Retirement scares people, says Roger Smith, a registered rep, CFP and co-owner of Planned Solutions, an RIA firm in Sacramento, Calif.
“I don't want to exaggerate, but these people are as close to petrified as you can get,” says Smith, a 21-year veteran of the financial advice business.
To ease fears, Smith takes a holistic approach, addressing clients' financial needs as well as personal issues. But he can hold only a limited number of hands. He keeps his book lean at 121 clients.
At the beginning of each relationship, Smith starts by mapping out the client's financial future with retirement planning and projection software from Money Tree. Next, he puts together a portfolio.
Then he moves on to talk about the softer issues surrounding retirement — like what the client is going to do for the rest of his life. “I ask them what they really enjoy, because that honey-do list is going to run out really quickly,” he says. “I tell them, ‘You're going to be bored out of your gourd.’”

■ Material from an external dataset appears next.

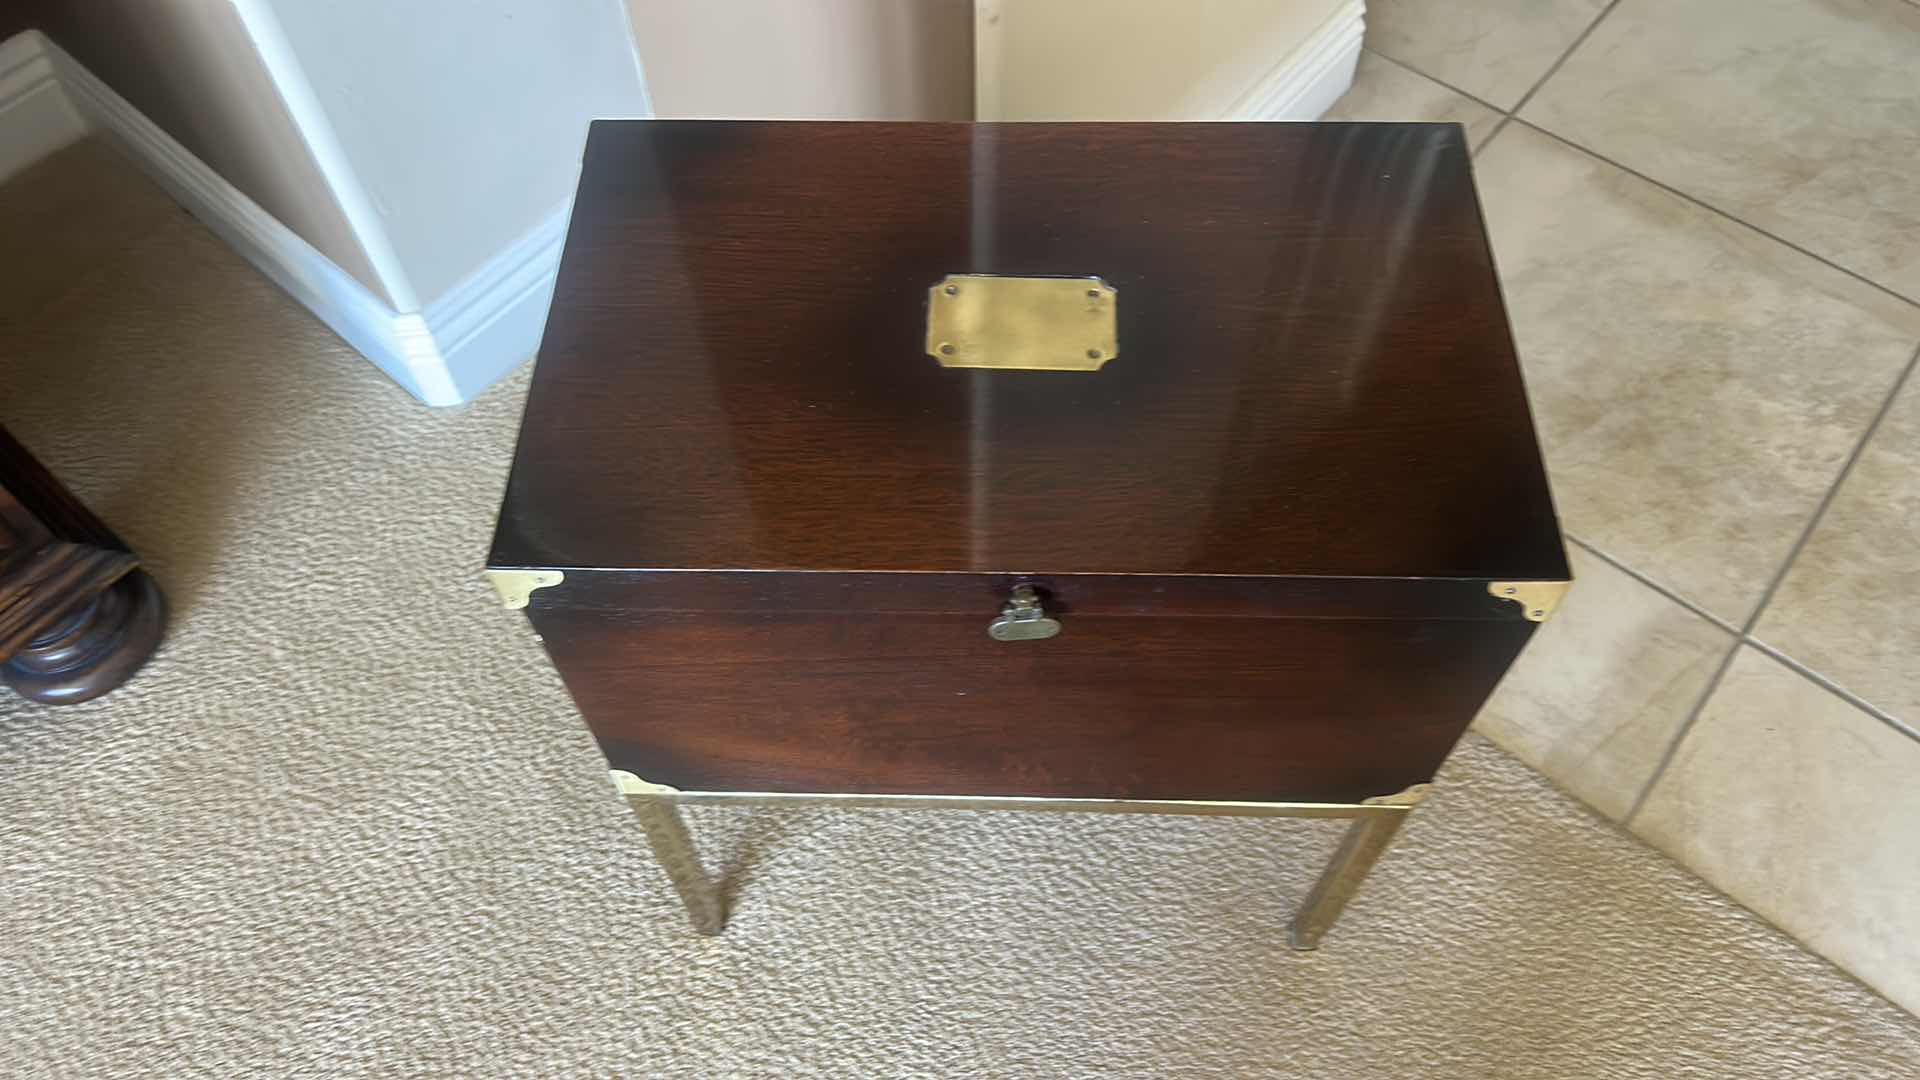 Photo 2 of HEAVY WOOD CHEST WITH BRASS ACCENT ON BRASS LEGS 18” x 11” x 21”

Smith's clients usually find him through a referral and bring in an average of $750,000 each — typically in a 401(k) account, IRA, profit-sharing plan, pension plan or some other kind of retirement account. Their net worth averages $1.5 million. About 90% come to him for retirement planning.
“They've accumulated this wealth over the years,” says Smith, who uses Securities America as his broker/dealer. “Some are executives and some are senior managers who have just saved their entire lives.”

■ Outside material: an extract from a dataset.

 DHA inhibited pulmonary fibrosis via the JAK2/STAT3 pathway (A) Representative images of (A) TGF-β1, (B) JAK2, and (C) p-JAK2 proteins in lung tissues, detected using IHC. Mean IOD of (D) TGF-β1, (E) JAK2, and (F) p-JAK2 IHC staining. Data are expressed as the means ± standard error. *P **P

With a client who still has two or three years of work left before retirement, the first thing Smith does is help make the most of the limited choices in the client's 401(k). Although Smith doesn't generate any income from the management of those funds, it's a quick way to earn the trust and confidence of new clients.
“I've found that it is not workable for me to charge a fee to manage a client who has a 401(k) plan that just doesn't have enough investment choices,” he explains. “As part of our retirement planning fee, we'll help them design a portfolio to allocate their 401(k) plan.”
Keeping it Personal
Smith knows his 121 clients thoroughly. “If you wake me up at 3 o'clock in the morning, I should be able to remember, right off the bat, what we were working on the last time we spoke,” he says. “If I can't do that, then I have too many clients.”
Smith screens all his prospective clients and has set a minimum asset requirement of $500,000 for all new accounts. As a result, he is able to shower his clients with personal attention. The strategy is paying off handsomely, he says. Smith generates gross revenues in the neighborhood of $400,000 a year and has roughly $60 million in assets under management.
More importantly, he has discovered that there is nothing quite as fulfilling professionally as the satisfaction he receives from orchestrating a client's comfortable retirement.
For example, Smith remembers fondly a client making an announcement in the middle of her retirement party, thanking him for his guidance. And Smith recalls another afternoon when a client dropped into the office unannounced, holding a check from the sale of some rental property he owned. (Usually, nobody sees Smith or even talks to him on the telephone without an appointment.)
“He was going to sit and wait for me until I finished with another client, so he could figure out what to do with this escrow check, where the safest place to hold it would be,” Smith says. It's something a client would only do for his most trusted financial adviser — not his stockbroker, he says.
“I tell them to call me for anything,” he says. “We become their life's adviser.”